Description of the task
Retype, exactly and with nothing added, the lines from the one showing "Nike Mayfly Woven Ale Brown/Sail" through the final line of the material. Omit pictures.

Data below
-.-.-

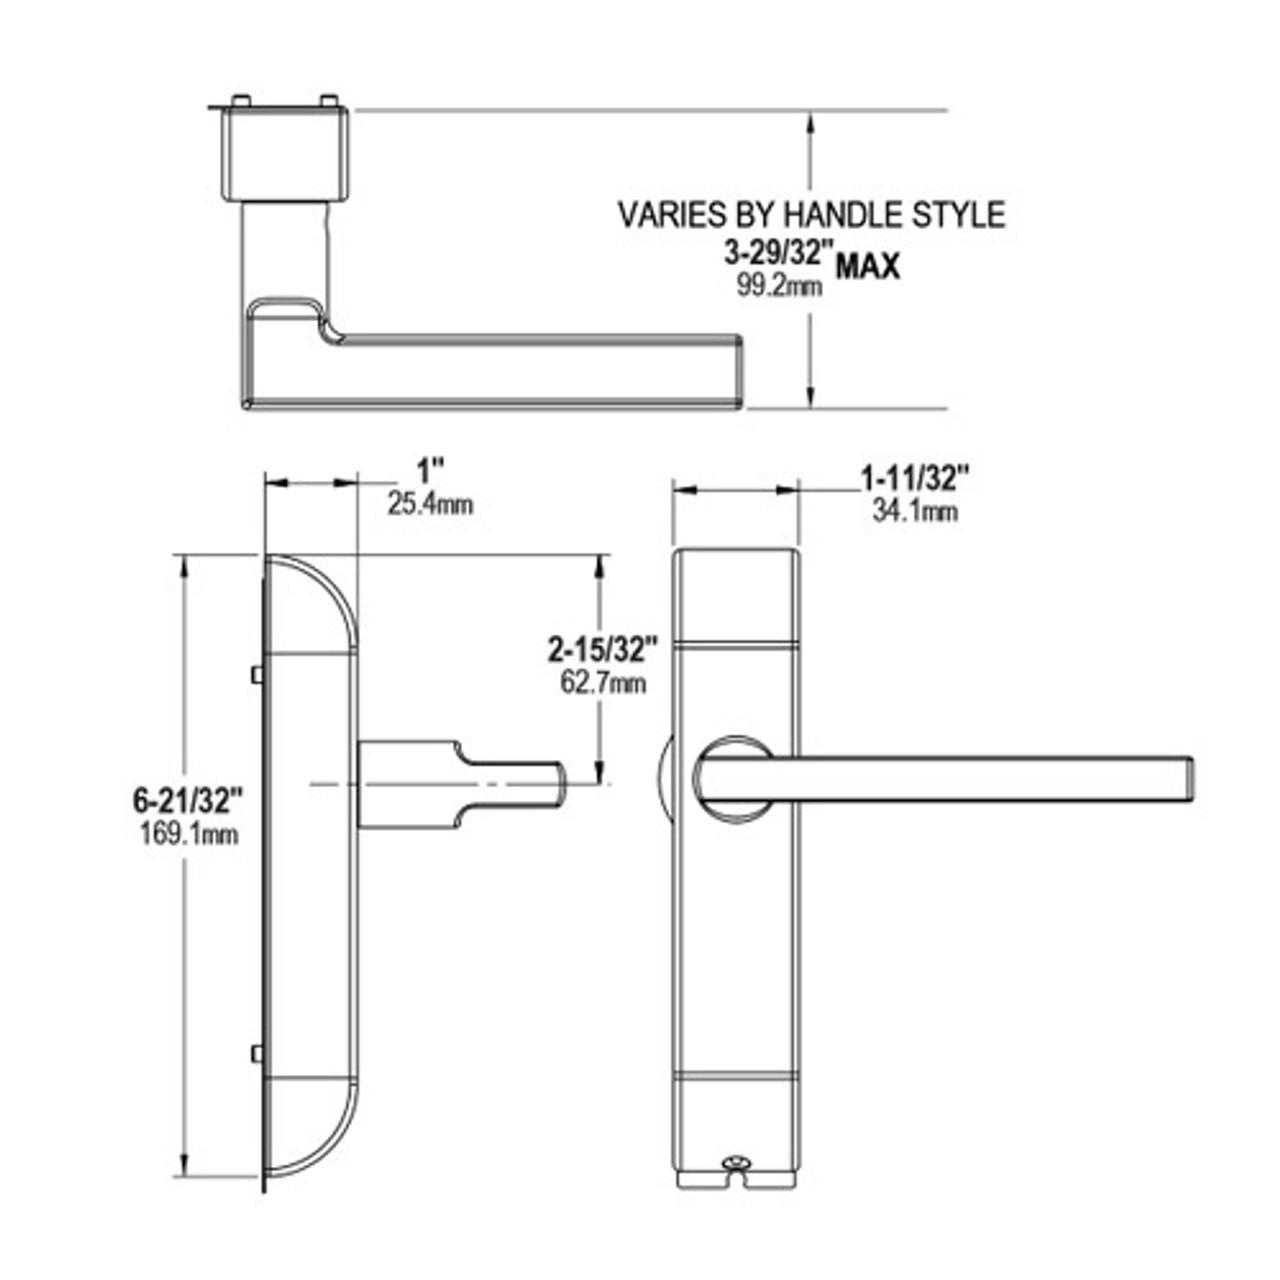 4600-MJ-522-US32 Adams Rite MJ Designer handle Dimensional View
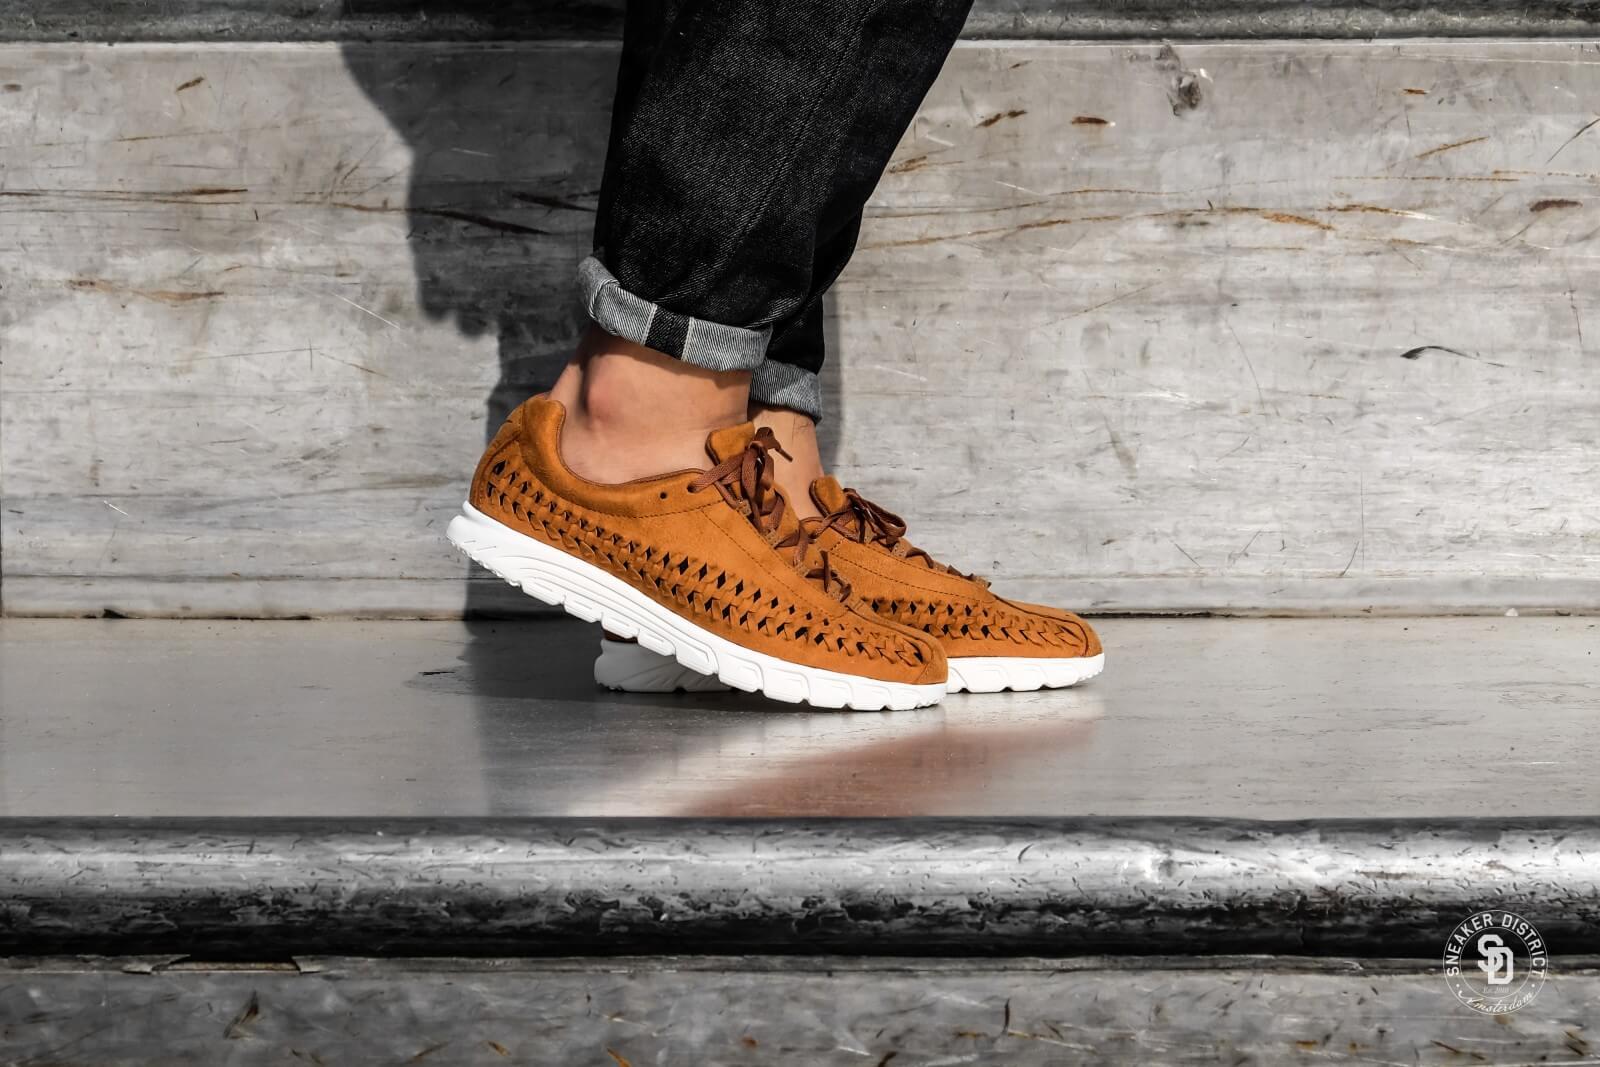 Nike Mayfly Woven Ale Brown/Sail
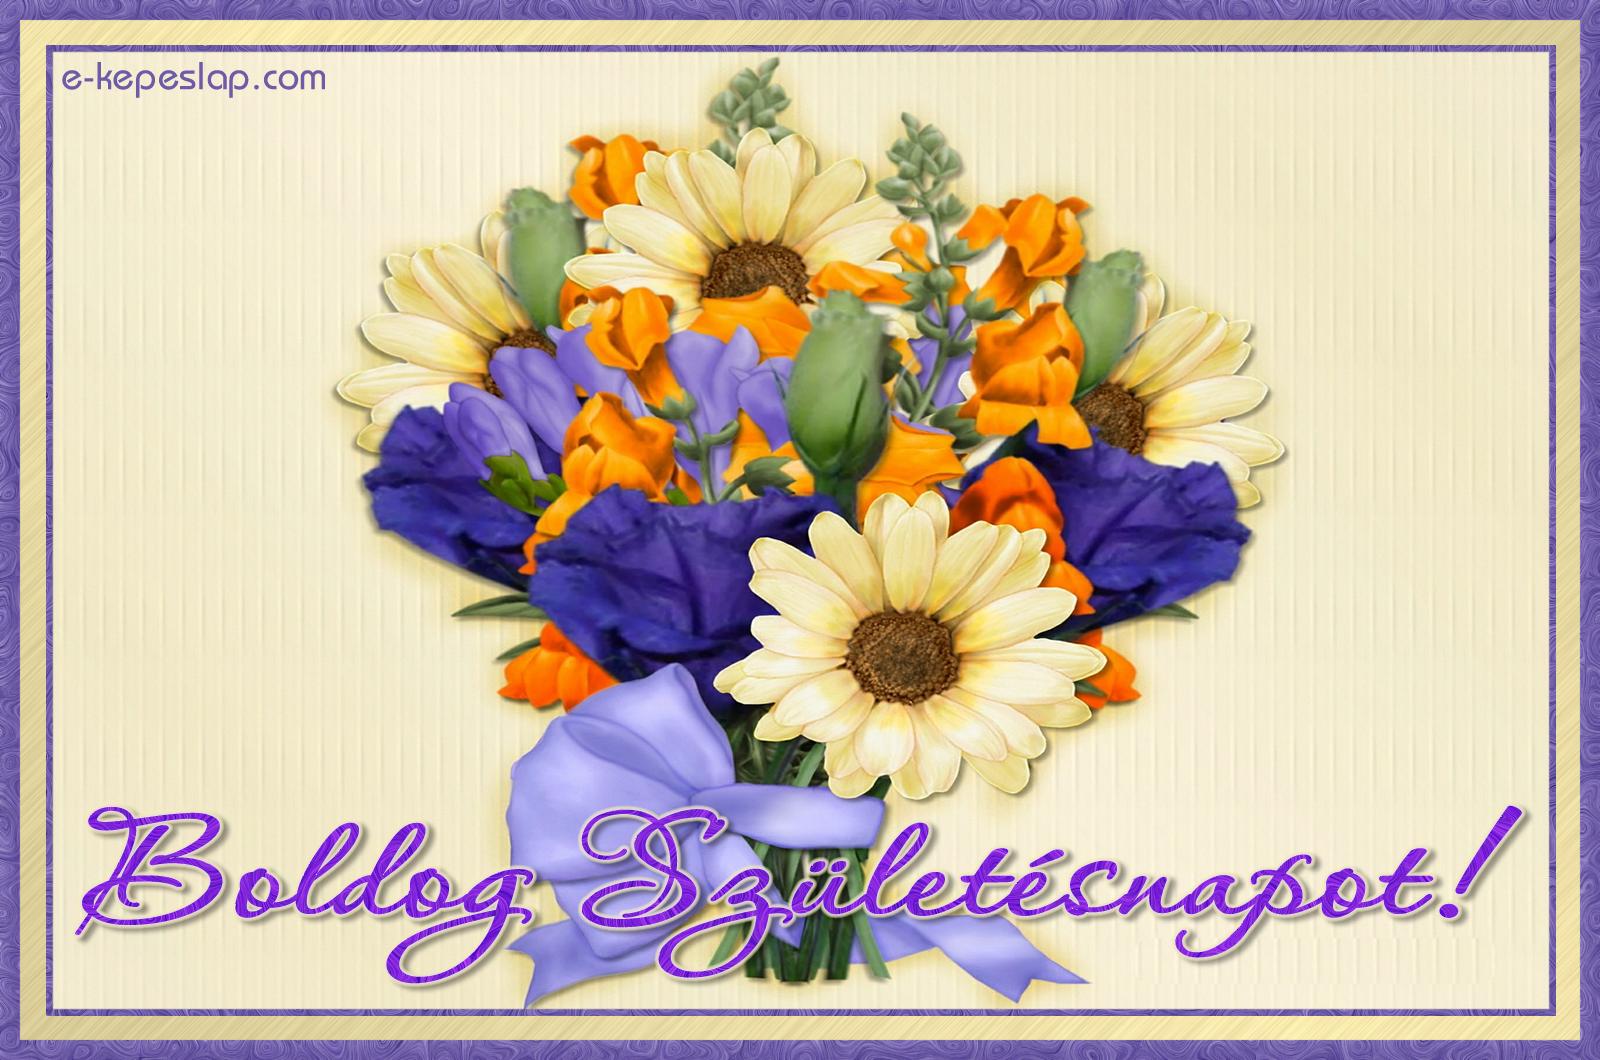 szülinapi képeslapok nőknek Virágcsokor, szülinapi képeslap nőknek   Képeslapküldés   e  szülinapi képeslapok nőknek

-.-.-

Reply
 Nike Mayfly Woven Ale Brown/Sail
 szülinapi képeslapok nőknek Virágcsokor, szülinapi képeslap nőknek   Képeslapküldés   e  szülinapi képeslapok nőknek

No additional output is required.